Figure 3. Activation of pathogen-associated and detoxification responses

(A) Innate immunity-associated reporter induction in response to growth on RNAi lawns inactivating the C. elegans eIF2γ homolog Y39G10AR.8, emb-5 and sca-1 genes. (B) RNAi of eIF-2γ and emb-5 stimulates cyp-35B1::GFP, a reporter for cytochrome P450 enzymes involved in phase I drug detoxification. (C) RNAi of eat-6 and rpt-3 stimulates a gst-4::GFP reporter for induction of glutathione S-transferase, a phase II detoxification enzyme. (See also Figure S2, Table S2.)

Figure 4. Neuroendocrine control of aversion behavior

(A) Aversion is stimulated by inactivation of the threonyl tRNA synthetase tars-1 in the hypodermis but not the intestine. (B-D) Aversion +/−S.D. is induced by RNAi of (B) mitochondrial ATP synthase subunits and (C) vacuolar ATPase subunits in the hypodermis or intestine, and (D) proteasome subunits in the hypodermis only. Representative experiments +/−S.D. shown. *p<0.01; **p<0.001; ***p<0.0001; n.s. not significant. (See also Figures S3–S4, Table S3.)
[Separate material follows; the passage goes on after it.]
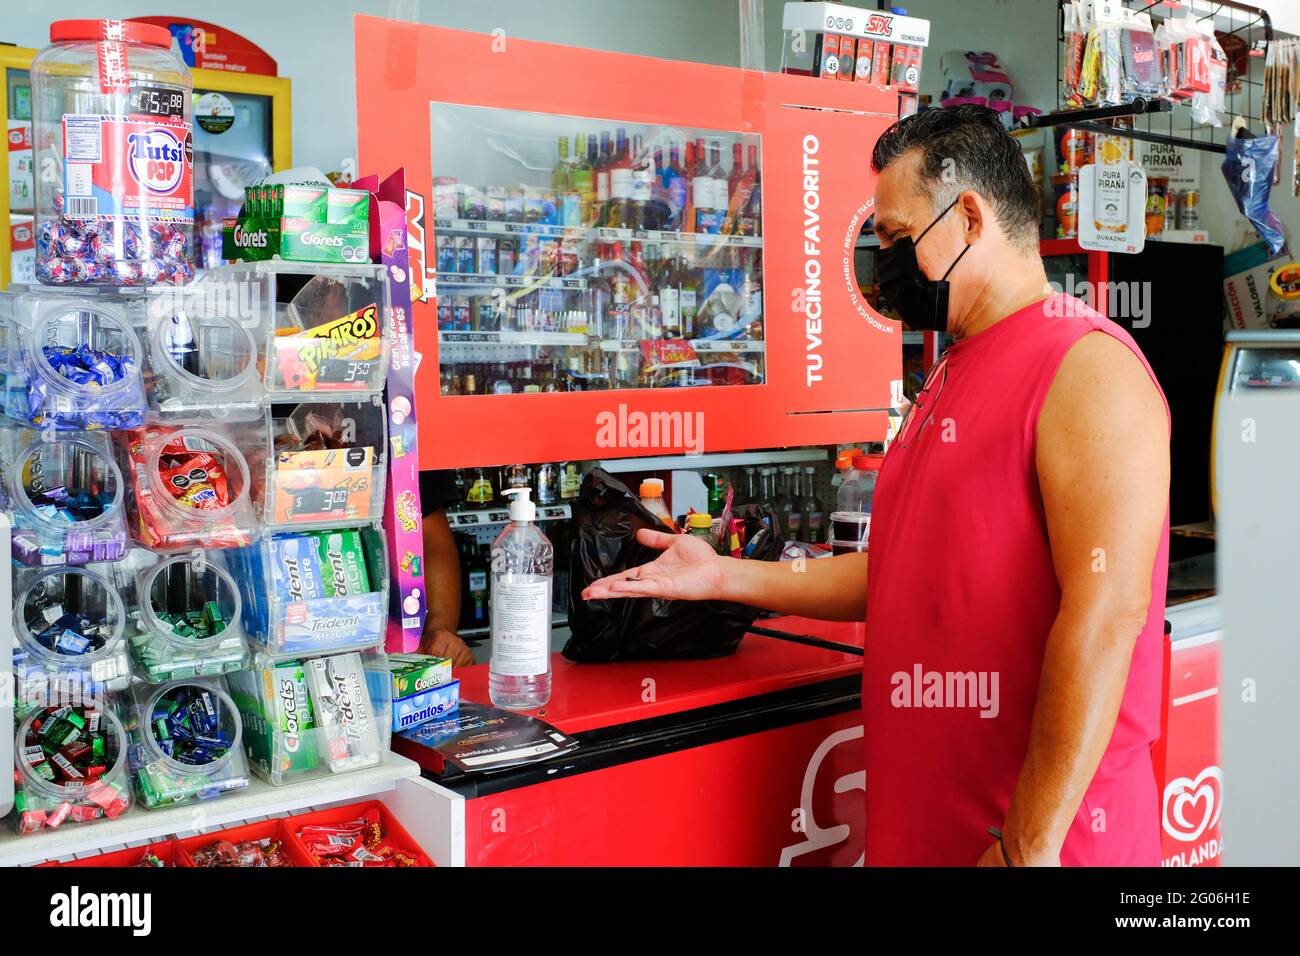 Uomo che acquista forniture in un piccolo negozio a Merida Messico Durante il Covid-19 Pandemic / si può osservare la precauzione misure adottate dal magazzino (separatore di plastica e gel igienizzante) Foto Stock

Figure 5. The Jnk MAP kinase pathway is required for aversion

(A) Four candidate pathogen and stress response pathways in C. elegans. (B) Aversion phenotypes for Jnk pathway mutants following inactivation of vha-6 (vacuolar ATPase subunit). (C-E) The Jnk pathway is required for aversion induced by RNAi of (C) translation components, (D) mitochondrial ETC components and (E) proteasome subunits. Representative experiment +/− SD shown. * p<0.01, ** p<0.001 and *** p<0.0001. n.s. not significant. (See also Figure S5.)
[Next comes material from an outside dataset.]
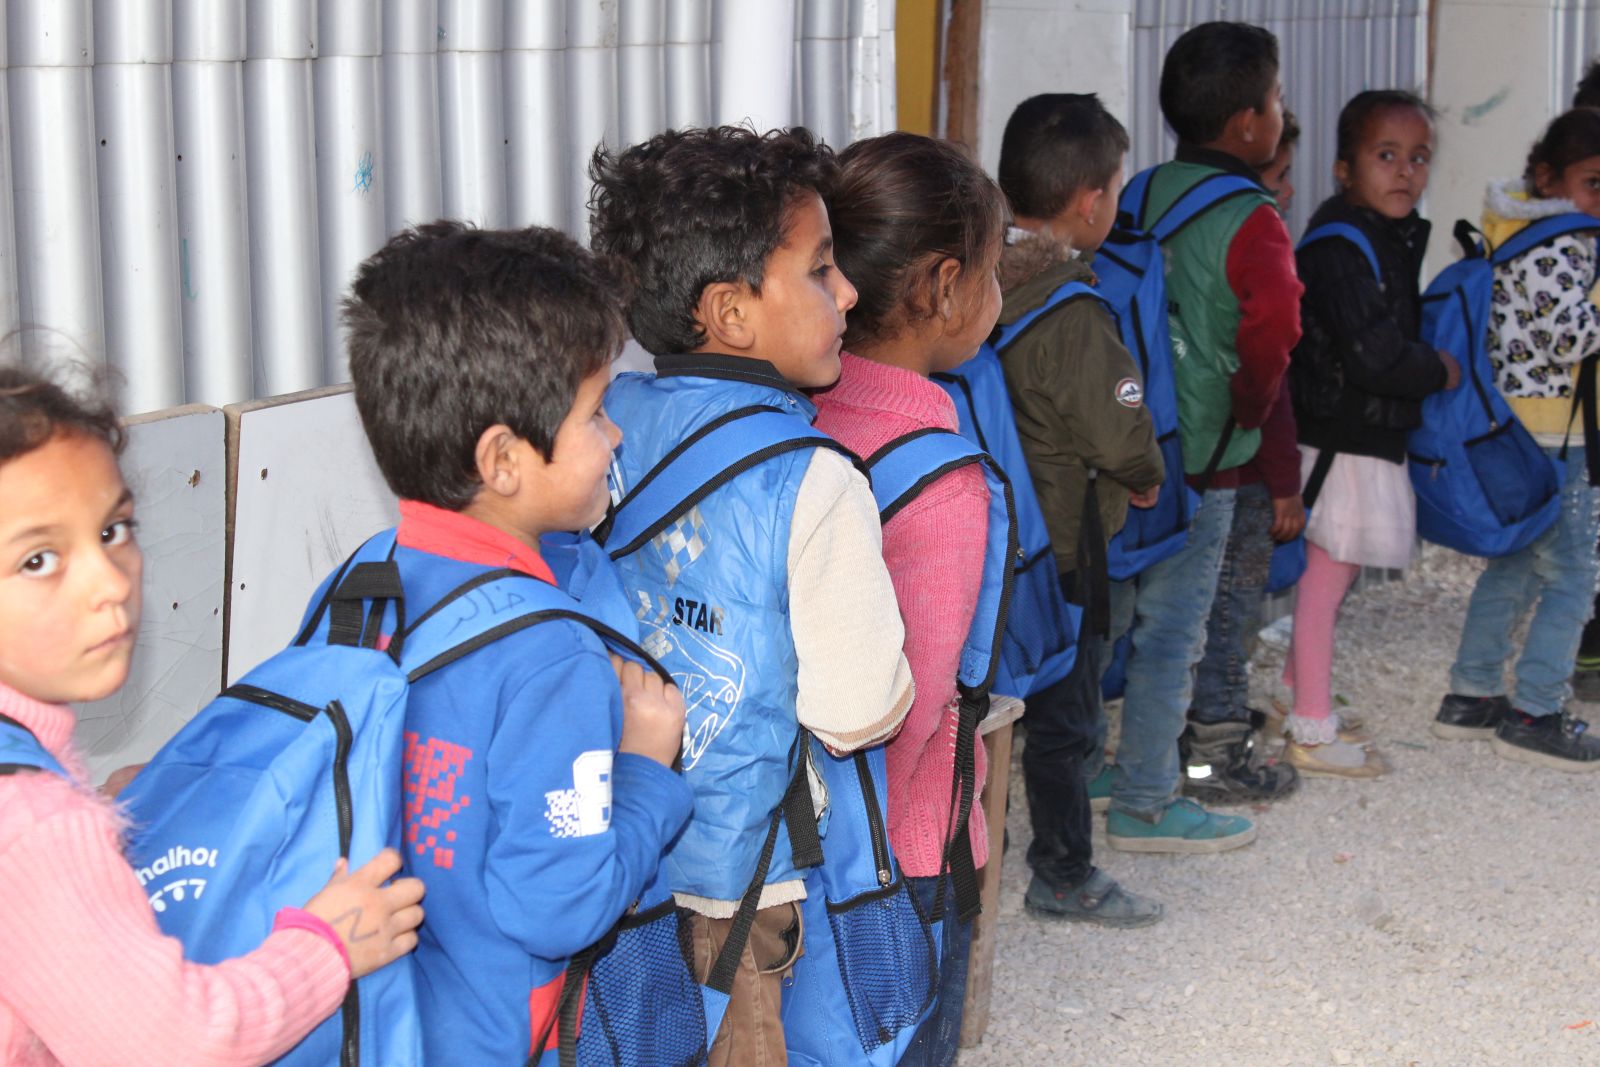 Grundschulkinder im libanesischen Flüchtlingslager Jusoor.

Figure 6. Learned avoidance and serotonergic signaling mediate aversion behavior

(A) Schematic outline of learning experiment. (B) Aversion time courses for animals grown on RNAi bacteria inactivating the kars-1 tRNA synthetase, hsp-60 mitochondrial chaperone, nhx-2 Na⁺/K⁺ potassium pump, or Y71H2AL.1 calcineurin B. Control experiments: Top left, animals grown on HT115 RNAi control and tested on HT115, HB101 or OP50 E. coli. Top middle, sid-1 RNAi defective animals were grown and tested on the same bacterial type (e.g. grown and tested on nhx-2 RNAi). For graphical clarity, only +S.D. bars shown. (C) Serotonin deficient tph-1(mg280) animals exhibited a partial aversion defect (~35% of wild type) in response to gene inactivations representing major functional classes.*p<0.01; **p<0.001; ***p<0.0001, ****p<10⁻¹⁹. (See also Figures S6–S7.)

Figure 7. Model of aversion behavior

Distress signals arising in internal tissues are integrated with sensory inputs to control the microbial aversion response. *Although Jnk pathway components are depicted as acting in the intestine, the site(s) of action have not yet been determined.